Two authors reviewed literature searches to identify potentially relevant RCTs, scored their quality and extracted data independently. We contacted authors for additional information.

Main results: 

We considered eight RCTs, including 332 participants, to be eligible for inclusion in the review. These trials were homogeneous and the overall risk of bias low. Five studies, in a total of 235 participants compared IVIg against placebo. One trial with 20 participants compared IVIg with plasma exchange, one trial compared IVIg with prednisolone in 32 participants, and one trial, newly included at this update, compared IVIg with intravenous methylprednisolone in 46 participants.

A significantly higher proportion of participants improved in disability within one month after IVIg treatment as compared with placebo (risk ratio (RR) 2.40, 95% confidence interval (CI) 1.72 to 3.36; number needed to treat for an additional beneficial outcome 3.03 (95% CI 2.33 to 4.55), high quality evidence). Whether all these improvements are equally clinically relevant cannot be deduced from this analysis because each trial used different disability scales and definitions of significant improvement. In three trials, including 84 participants, the disability score could be transformed to the modified Rankin score, on which improvement of one point after IVIg treatment compared to placebo was barely significant (RR 2.40, 95% CI 0.98 to 5.83) (moderate quality evidence). Only one placebo-controlled study included in this review had a long-term follow-up. The results of this study suggest that IVIg improves disability more than placebo over 24 and 48 weeks.
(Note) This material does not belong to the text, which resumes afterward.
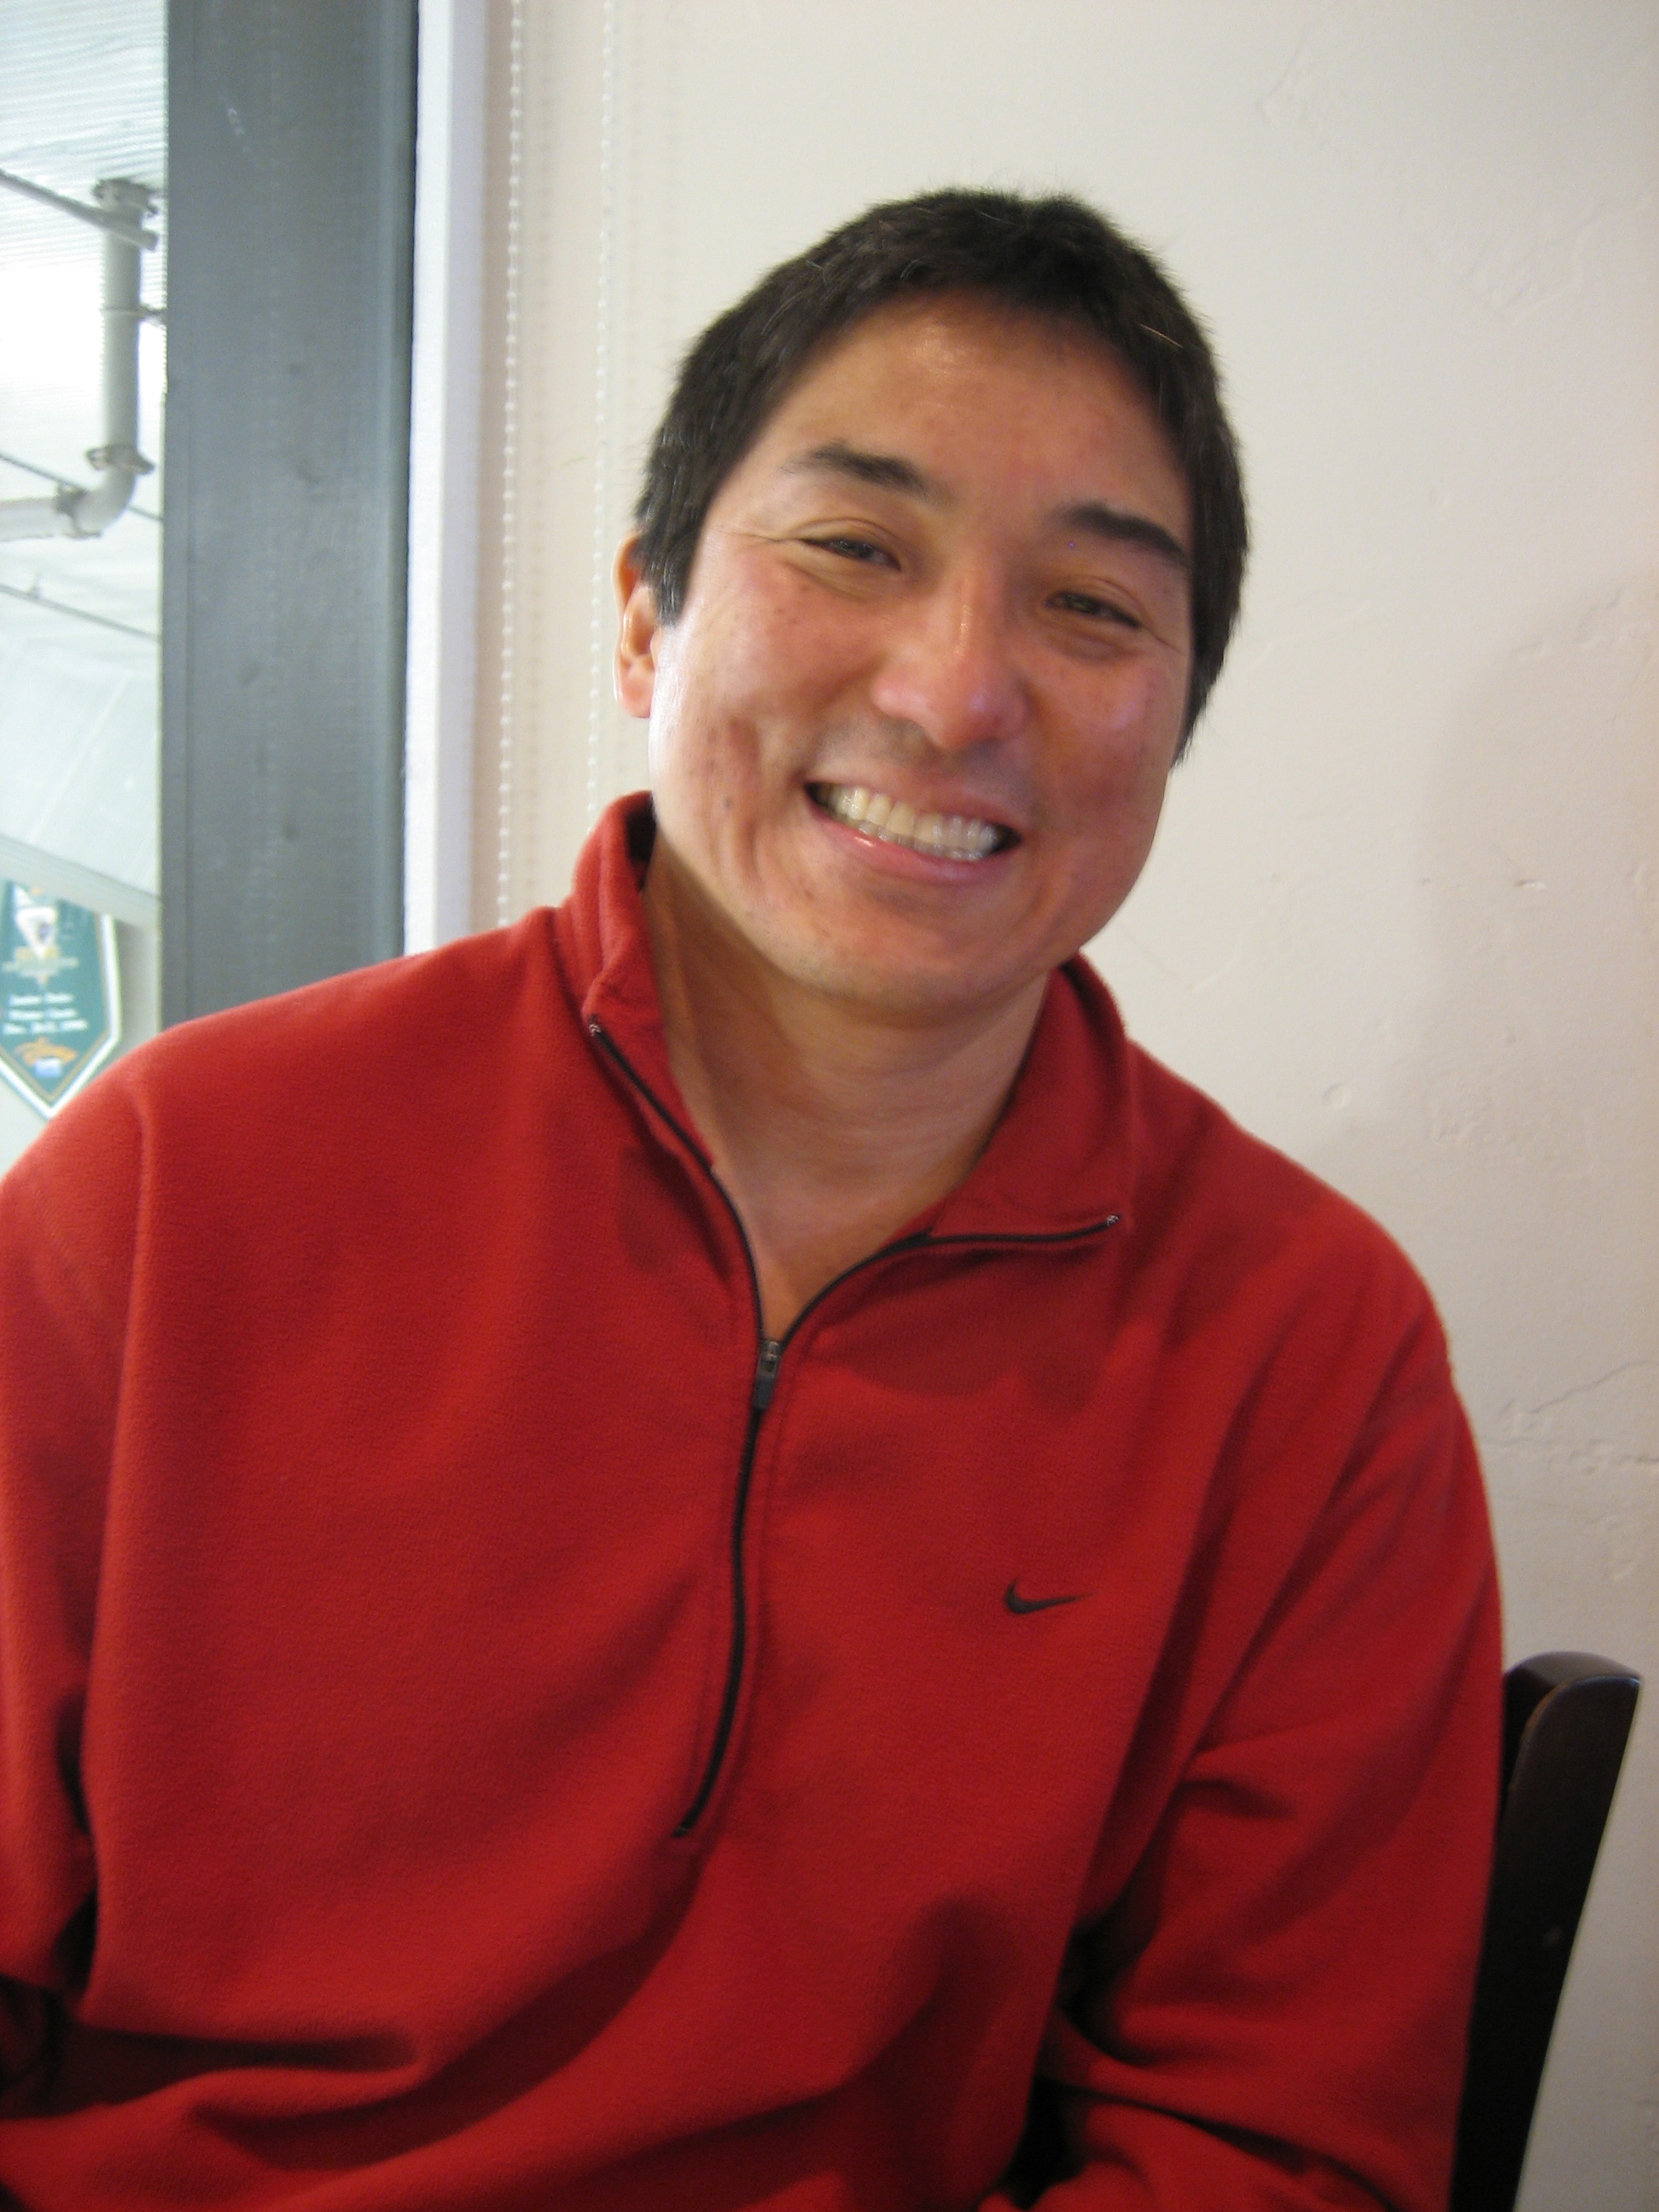 File:Guy Kawasaki, 2006.jpg - Wikimedia Commons

The mean disability score revealed no significant difference between IVIg and plasma exchange at six weeks (moderate quality evidence). There was no significant difference in improvement in disability on prednisolone compared with IVIg after two or six weeks, or on methylprednisolone compared to IVIg after two weeks or six months (moderate quality evidence).

There were no statistically significant differences in frequencies of side effects between the three types of treatment for which data were available (IVg versus placebo or steroids). (moderate or high quality evidence) Mild and transient adverse events were found in 49% of participants treated with IVIg, while serious adverse events were found in six per cent.